After Katelynne C. found out her child, Beverly, had bacterial meningitis, the first priority was ensuring she recovered and was healthy again. After finding out that she also had severe to profound hearing loss, Beverly’s audiologist and doctors urged them to move quickly on cochlear implantation as Beverly’s cochleas could ossify. See how Katelynne made the decision for Beverly’s hearing future:
“One of the very first things Beverly’s infectious disease doctor told my husband and I when she was diagnosed with bacterial meningitis was that she would need to get her ears checked before we went home. I heard what he said, but it was the last thing on my mind. My daughter, who was almost walking a day ago, was not even able to hold her own head up anymore. Her ears were the least of my concerns. Those weeks in the hospital were terrifying. Every second of every day was filled with anxiety and sadness, and it is a miracle that we were able to bring our little girl home.

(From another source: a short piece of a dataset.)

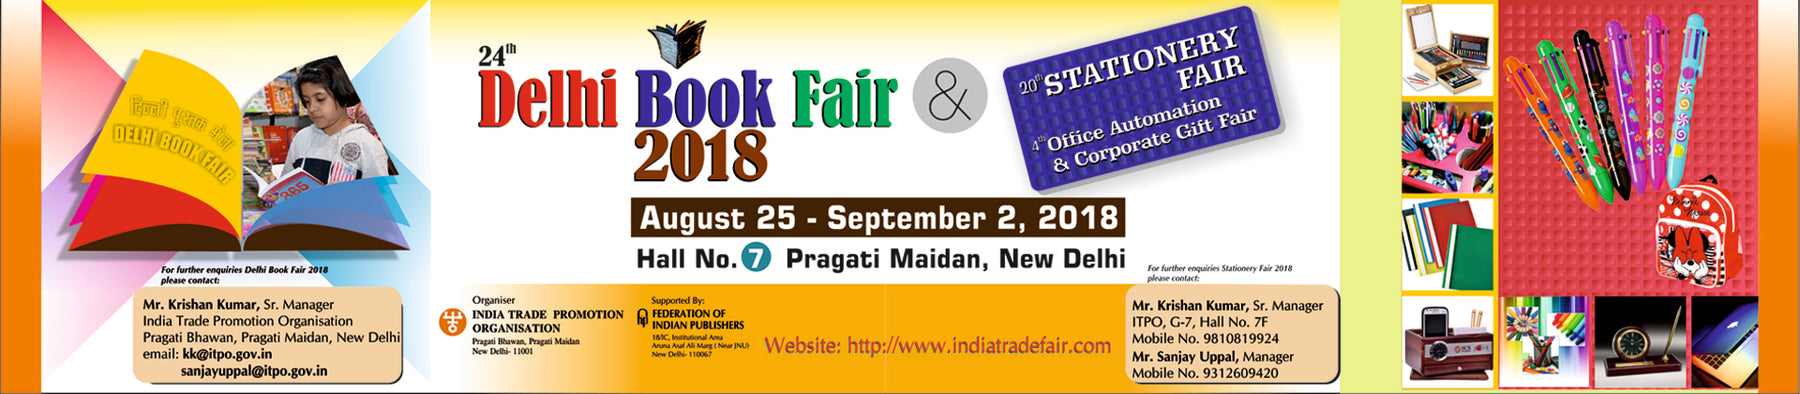 5 Reasons to visit the Delhi Book Fair This Week

Beverly was diagnosed with two viral infections at our local emergency room. She was given IV fluids and monitored overnight because of her weakened appearance. When she did not improve the following day, she was transferred to a bigger children’s hospital. There, Bevy was diagnosed with bacterial meningitis, bacteremia and seizure-like activity. Two days later, she was diagnosed with sepsis and a septic hip. She needed emergency surgery for her hip, so they could clear the infection and place a drain in her hip. After about seven or eight days of IV antibiotics twice a day, we started seeing some improvements. She was staying awake a little longer, nursing more and even playing with a few light-up toys.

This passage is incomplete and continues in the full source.